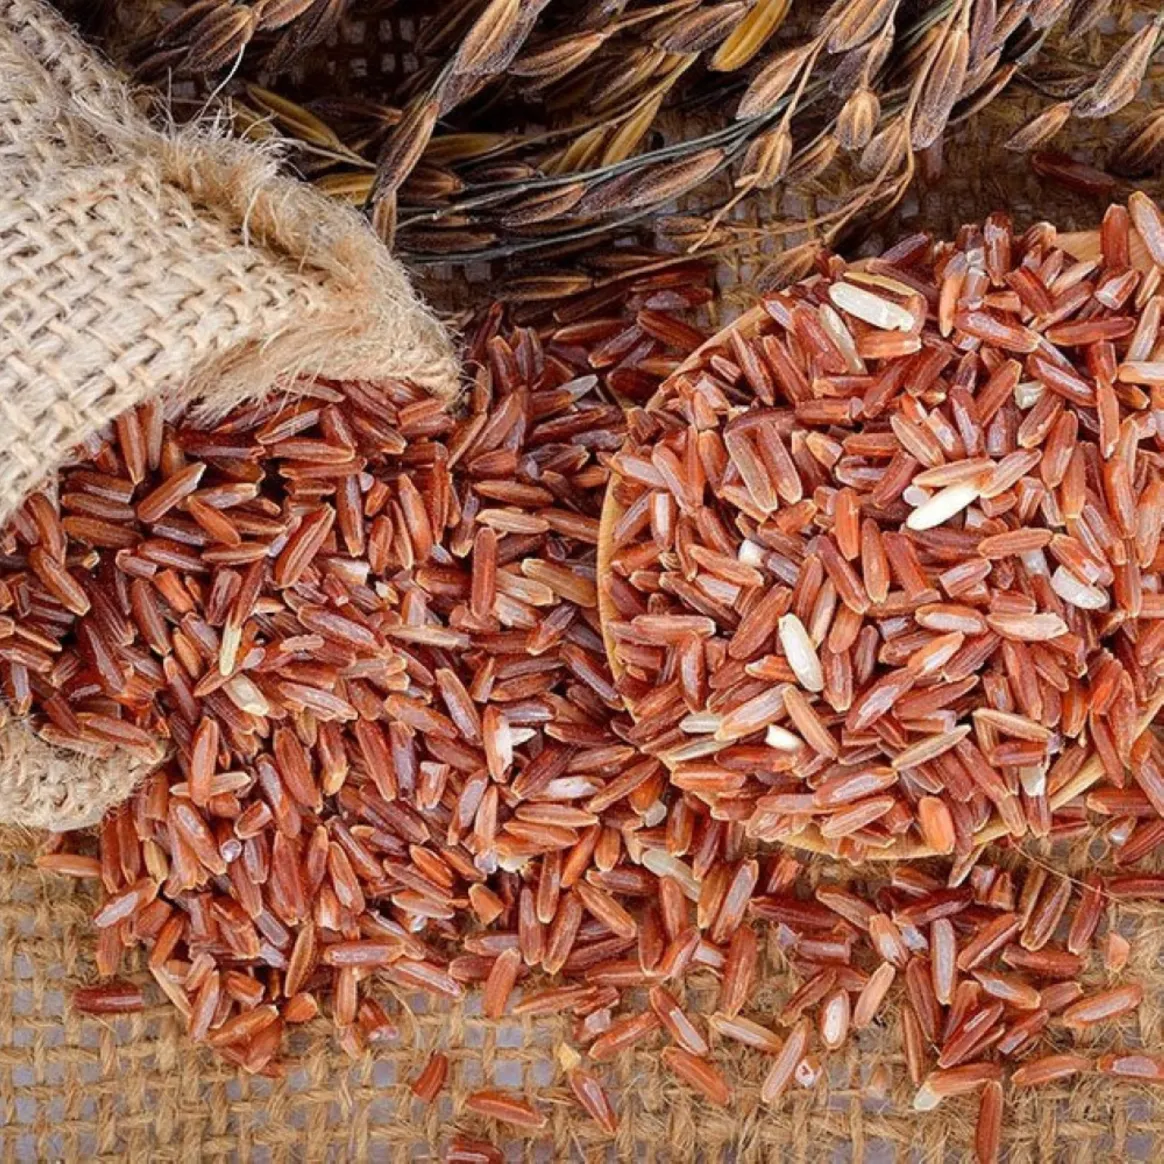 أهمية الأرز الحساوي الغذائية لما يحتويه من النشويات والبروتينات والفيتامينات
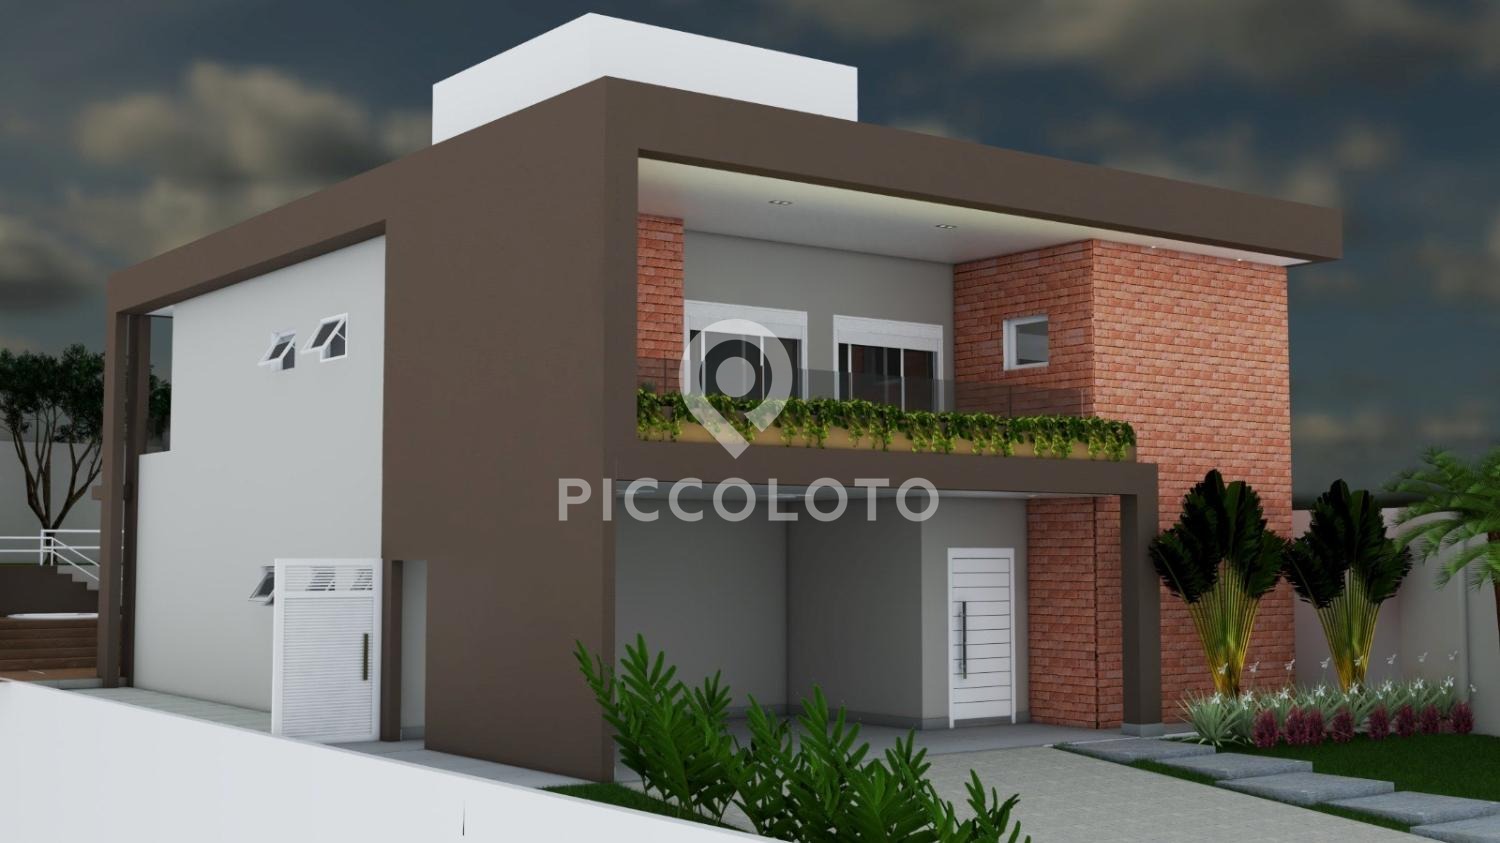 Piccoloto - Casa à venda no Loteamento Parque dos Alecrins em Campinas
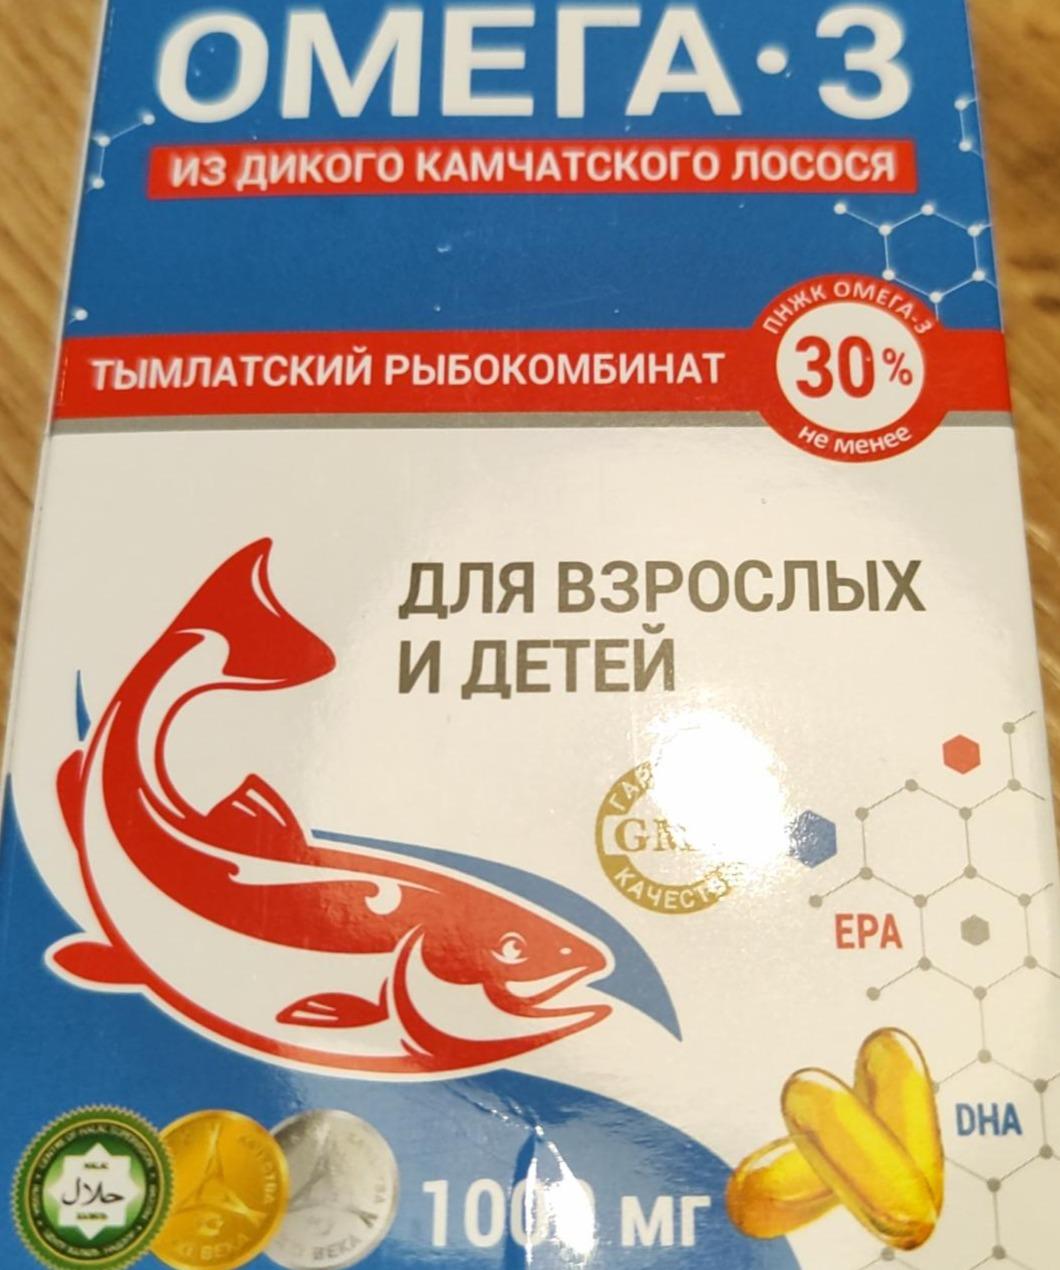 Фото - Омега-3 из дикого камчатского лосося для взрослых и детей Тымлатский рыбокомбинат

• _DIRECTIONS_
Retype all the data exactly; skip the pictures.

• _COMPLETED EXERCISE_
 أهمية الأرز الحساوي الغذائية لما يحتويه من النشويات والبروتينات والفيتامينات
 Piccoloto - Casa à venda no Loteamento Parque dos Alecrins em Campinas
 Фото - Омега-3 из дикого камчатского лосося для взрослых и детей Тымлатский рыбокомбинат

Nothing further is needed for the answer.